● **Exercise**:
Repeat the lines of the data that follow, please, starting at the first and stopping after the one with "Margaret Forsyth business card hi res.jpg".

● **Dataset records**:
━━━━━━━━━━━━━━━━━━━━
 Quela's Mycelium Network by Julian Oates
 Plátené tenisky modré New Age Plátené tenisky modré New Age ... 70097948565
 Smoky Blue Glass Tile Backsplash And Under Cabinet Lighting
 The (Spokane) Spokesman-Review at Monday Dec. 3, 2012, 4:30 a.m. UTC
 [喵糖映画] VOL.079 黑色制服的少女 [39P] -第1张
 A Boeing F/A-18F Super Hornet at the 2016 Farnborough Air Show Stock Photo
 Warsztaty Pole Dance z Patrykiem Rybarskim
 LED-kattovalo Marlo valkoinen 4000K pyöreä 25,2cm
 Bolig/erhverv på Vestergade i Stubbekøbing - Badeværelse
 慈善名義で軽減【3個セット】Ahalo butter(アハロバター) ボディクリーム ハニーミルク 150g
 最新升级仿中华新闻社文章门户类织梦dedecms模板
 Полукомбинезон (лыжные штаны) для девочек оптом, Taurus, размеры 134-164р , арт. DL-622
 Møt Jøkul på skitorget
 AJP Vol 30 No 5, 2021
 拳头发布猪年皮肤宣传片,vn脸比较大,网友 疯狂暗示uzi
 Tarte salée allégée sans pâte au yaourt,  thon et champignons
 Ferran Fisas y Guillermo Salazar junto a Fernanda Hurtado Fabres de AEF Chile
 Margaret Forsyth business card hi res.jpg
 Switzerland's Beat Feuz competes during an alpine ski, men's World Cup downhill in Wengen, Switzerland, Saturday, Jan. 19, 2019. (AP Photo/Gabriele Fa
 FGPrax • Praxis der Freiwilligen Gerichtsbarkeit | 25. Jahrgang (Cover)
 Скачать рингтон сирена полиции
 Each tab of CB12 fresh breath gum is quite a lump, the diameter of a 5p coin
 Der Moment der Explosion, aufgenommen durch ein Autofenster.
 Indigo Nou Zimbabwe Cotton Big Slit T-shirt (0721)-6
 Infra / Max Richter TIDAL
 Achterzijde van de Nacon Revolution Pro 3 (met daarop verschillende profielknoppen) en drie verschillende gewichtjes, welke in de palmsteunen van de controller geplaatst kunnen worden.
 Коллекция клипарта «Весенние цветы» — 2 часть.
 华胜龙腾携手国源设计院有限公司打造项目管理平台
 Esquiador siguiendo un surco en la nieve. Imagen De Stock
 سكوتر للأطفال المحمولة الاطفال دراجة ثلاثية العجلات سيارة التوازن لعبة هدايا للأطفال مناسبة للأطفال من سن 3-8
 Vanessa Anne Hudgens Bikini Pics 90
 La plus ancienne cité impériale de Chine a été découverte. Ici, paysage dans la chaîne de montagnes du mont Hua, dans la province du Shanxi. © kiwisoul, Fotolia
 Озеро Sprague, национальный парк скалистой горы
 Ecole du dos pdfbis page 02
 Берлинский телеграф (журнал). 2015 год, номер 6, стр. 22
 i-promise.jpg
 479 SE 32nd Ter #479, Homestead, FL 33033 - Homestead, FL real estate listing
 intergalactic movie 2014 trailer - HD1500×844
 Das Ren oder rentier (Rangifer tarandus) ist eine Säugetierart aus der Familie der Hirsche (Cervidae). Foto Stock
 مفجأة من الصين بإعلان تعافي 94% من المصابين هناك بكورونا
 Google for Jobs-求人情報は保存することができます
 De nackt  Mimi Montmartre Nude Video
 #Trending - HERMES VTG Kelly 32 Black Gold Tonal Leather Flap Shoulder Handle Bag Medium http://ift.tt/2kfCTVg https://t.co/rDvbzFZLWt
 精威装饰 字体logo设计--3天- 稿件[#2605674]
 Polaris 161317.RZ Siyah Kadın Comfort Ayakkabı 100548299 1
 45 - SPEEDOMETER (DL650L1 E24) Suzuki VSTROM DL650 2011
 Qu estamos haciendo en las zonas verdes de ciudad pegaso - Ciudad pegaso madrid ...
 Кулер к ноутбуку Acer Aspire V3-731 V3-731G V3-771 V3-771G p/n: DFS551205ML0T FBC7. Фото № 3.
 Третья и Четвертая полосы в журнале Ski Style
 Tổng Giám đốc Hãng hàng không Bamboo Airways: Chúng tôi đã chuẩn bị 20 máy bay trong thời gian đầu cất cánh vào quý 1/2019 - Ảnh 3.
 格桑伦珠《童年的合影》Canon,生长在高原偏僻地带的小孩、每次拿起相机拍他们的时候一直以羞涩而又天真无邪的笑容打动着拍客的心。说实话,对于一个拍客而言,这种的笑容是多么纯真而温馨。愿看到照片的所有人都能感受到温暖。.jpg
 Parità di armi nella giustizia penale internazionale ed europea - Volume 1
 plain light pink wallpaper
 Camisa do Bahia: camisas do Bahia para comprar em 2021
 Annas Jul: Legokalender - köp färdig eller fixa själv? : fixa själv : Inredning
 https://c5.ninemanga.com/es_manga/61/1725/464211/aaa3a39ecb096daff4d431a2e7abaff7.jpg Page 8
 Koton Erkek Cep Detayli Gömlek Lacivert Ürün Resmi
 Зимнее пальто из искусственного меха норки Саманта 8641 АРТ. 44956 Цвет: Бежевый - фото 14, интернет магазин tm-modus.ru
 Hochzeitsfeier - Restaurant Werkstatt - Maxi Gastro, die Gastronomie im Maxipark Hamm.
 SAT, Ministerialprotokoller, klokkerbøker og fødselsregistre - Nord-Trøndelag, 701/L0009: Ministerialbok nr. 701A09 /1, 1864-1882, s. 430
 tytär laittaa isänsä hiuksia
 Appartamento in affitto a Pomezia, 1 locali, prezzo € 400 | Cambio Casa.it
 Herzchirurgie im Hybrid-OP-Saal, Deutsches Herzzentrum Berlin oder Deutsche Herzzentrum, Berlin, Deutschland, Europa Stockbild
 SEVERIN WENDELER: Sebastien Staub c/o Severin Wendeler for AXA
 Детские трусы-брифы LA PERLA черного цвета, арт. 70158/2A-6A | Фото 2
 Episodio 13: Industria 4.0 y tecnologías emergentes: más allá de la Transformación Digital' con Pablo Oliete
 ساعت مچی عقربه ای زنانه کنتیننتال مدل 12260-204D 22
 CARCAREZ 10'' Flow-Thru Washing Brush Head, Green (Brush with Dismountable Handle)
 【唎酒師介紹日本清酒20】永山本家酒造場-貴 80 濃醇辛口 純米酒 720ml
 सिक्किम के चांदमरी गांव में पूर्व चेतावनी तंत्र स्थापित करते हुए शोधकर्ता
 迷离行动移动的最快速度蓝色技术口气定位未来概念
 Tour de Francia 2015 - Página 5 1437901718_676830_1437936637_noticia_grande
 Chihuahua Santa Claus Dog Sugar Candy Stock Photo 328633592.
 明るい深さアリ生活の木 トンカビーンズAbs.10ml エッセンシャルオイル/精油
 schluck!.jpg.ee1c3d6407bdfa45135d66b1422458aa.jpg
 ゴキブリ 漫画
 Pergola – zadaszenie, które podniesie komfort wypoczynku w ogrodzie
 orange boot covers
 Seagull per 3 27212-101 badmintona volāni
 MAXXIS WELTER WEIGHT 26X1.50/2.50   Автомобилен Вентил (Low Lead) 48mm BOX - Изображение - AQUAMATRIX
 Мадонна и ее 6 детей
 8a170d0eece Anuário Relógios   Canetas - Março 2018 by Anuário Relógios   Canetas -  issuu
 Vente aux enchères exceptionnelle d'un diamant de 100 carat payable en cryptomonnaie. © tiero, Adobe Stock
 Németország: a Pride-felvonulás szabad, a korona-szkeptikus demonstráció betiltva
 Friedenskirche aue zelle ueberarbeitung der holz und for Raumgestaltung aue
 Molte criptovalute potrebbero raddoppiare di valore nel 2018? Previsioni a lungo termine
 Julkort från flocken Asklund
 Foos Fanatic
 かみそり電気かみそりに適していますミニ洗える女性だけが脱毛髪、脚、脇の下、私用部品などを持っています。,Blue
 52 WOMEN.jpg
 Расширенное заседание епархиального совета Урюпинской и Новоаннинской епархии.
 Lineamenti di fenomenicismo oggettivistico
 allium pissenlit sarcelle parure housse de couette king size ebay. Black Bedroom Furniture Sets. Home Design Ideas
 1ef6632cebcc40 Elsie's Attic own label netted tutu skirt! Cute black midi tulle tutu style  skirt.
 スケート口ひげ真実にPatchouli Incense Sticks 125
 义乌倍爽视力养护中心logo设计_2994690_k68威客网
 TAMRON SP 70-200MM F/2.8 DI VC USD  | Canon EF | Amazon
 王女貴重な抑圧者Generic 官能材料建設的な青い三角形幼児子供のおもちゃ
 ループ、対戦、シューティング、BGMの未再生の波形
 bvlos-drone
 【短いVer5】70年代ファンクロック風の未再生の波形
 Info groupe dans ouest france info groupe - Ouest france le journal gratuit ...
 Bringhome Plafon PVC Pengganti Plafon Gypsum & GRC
━━━━━━━━━━━━━━━━━━━━
● **Solution to this task**:
 Quela's Mycelium Network by Julian Oates
 Plátené tenisky modré New Age Plátené tenisky modré New Age ... 70097948565
 Smoky Blue Glass Tile Backsplash And Under Cabinet Lighting
 The (Spokane) Spokesman-Review at Monday Dec. 3, 2012, 4:30 a.m. UTC
 [喵糖映画] VOL.079 黑色制服的少女 [39P] -第1张
 A Boeing F/A-18F Super Hornet at the 2016 Farnborough Air Show Stock Photo
 Warsztaty Pole Dance z Patrykiem Rybarskim
 LED-kattovalo Marlo valkoinen 4000K pyöreä 25,2cm
 Bolig/erhverv på Vestergade i Stubbekøbing - Badeværelse
 慈善名義で軽減【3個セット】Ahalo butter(アハロバター) ボディクリーム ハニーミルク 150g
 最新升级仿中华新闻社文章门户类织梦dedecms模板
 Полукомбинезон (лыжные штаны) для девочек оптом, Taurus, размеры 134-164р , арт. DL-622
 Møt Jøkul på skitorget
 AJP Vol 30 No 5, 2021
 拳头发布猪年皮肤宣传片,vn脸比较大,网友 疯狂暗示uzi
 Tarte salée allégée sans pâte au yaourt,  thon et champignons
 Ferran Fisas y Guillermo Salazar junto a Fernanda Hurtado Fabres de AEF Chile
 Margaret Forsyth business card hi res.jpg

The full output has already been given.